The premise for Gory Gory Hallelujah is absolutely hilarious. Four people rejected for the role of Jesus Christ go on a cross-country road trip to look for more roles. Those four happen to consist of a woman, a Jew, a militant black man, and a free-love hippie. Yes, this is a B-movie and damned proud of it. It has the necessary over-the-top premise, but tends to lag a bit in the middle before a rousing ending. Sky (Tim Gouran, Love My Guts), Joshua (Todd Licea, Open House, Red Man), Jessie (Angie Louise), and Rahim (Jeffrey Gilbert, Leave It!) all discover that the director finds them lacking in one way or another. Sky hears about an audition for Jesus Christ, Superstar in another state, and the four take off in search of better times.

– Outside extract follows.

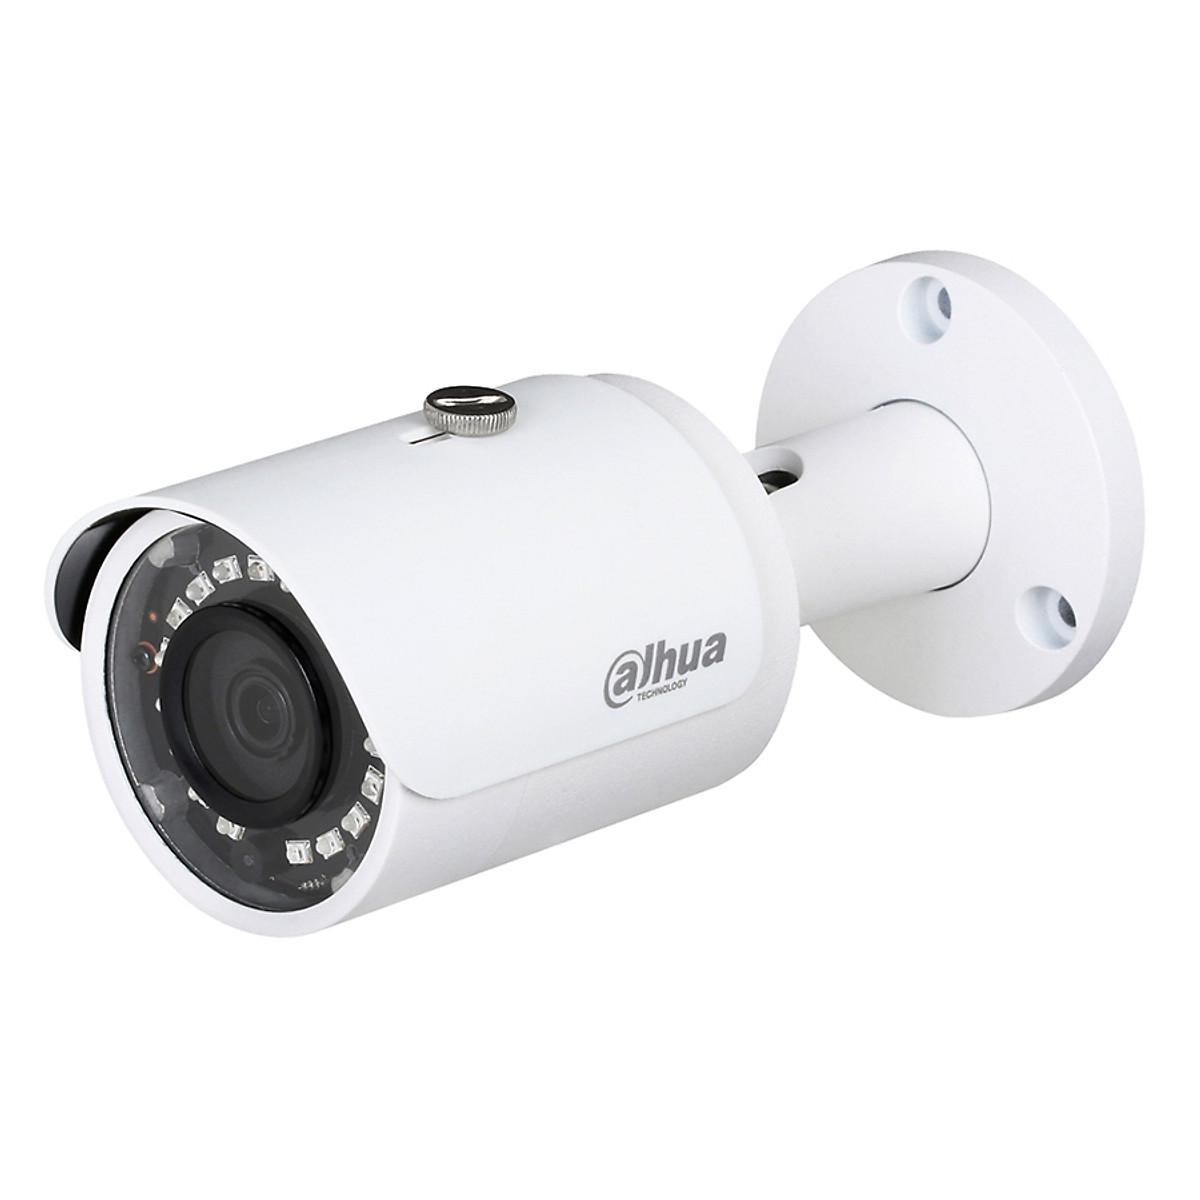 Camera Quan Sát CVI Dahua HAC-HFW1000SP-S3 – Hàng Chính Hãng

Director Sue Corcoran and writer Louise effectively capture a weird, day-glo retro world in the film. It is campy, fun, and heck, even has a musical number at the end. However, they have the four take a detour, after fighting a barful of drunk Elvises, to a puritanical town bent on destroying these deviants. A black man! A Jew! A bisexual! How dare they exist? This part of Gory Gory Hallelujah is overplayed, as Corcoran and Louise expose the actual seamy underbelly of what looks like a quaint town. Sky, Joshua, Jessie, and Rahim must decide what is most important for them as they find their lives in danger from various townsfolk.

Aside from the script, much of Gory Gory Hallelujah stands up pretty well. The four main characters give amusing performances, exaggerating all of their key stereotypes, and Corcoran maintains a sense of fun for the bulk of the film. And for good measure she throws in a glowing phallus, some token nudity, and a bunch of zombies. The acting and production value is pretty decent given what type of film this was, and Corcoran makes sure everything stays consist for the duration of the film.

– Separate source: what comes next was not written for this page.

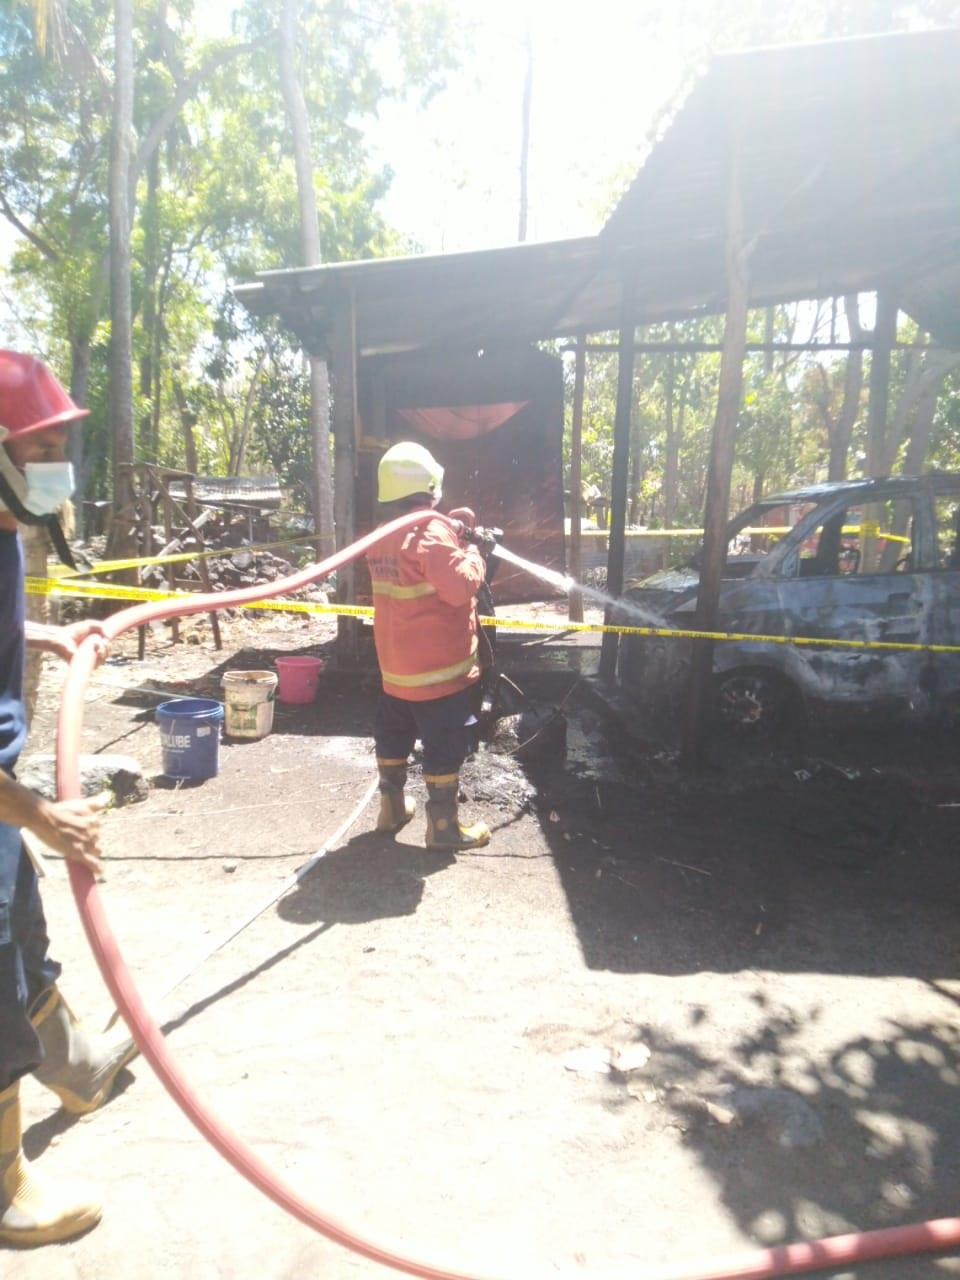 MOBIL Suzuki APV DK 1985 AAB yang diparkir di garasi Made Putu Sarjana di Banjar Dinas Lebah, Desa Sukadana, Kubu, Karangasem hangus terbakar, Rabu (11/8/2021). Foto: ist

But the test of any genre film like this is how fun it is. Again, the beginning, especially the audition process, and the end, where all hell breaks loose, are amusing, but the middle is problematic. Corcoran wants to slow down and begin building up towards the ending. The levity wanes a bit, as Gory Gory Hallelujah almost begins to sound preachy about the evils of intolerance, but there is enough wackiness to make sure it never gets close to falling off the deep end. It's all enough to make people smile, which is presumably exactly what Corcoran and Louise (also known as the Von Piglet Sisters) wanted.

Gerf Rates It: Okay.
1 hour, 35 minutes, Not Rated but contains some language and nudity, an easy R.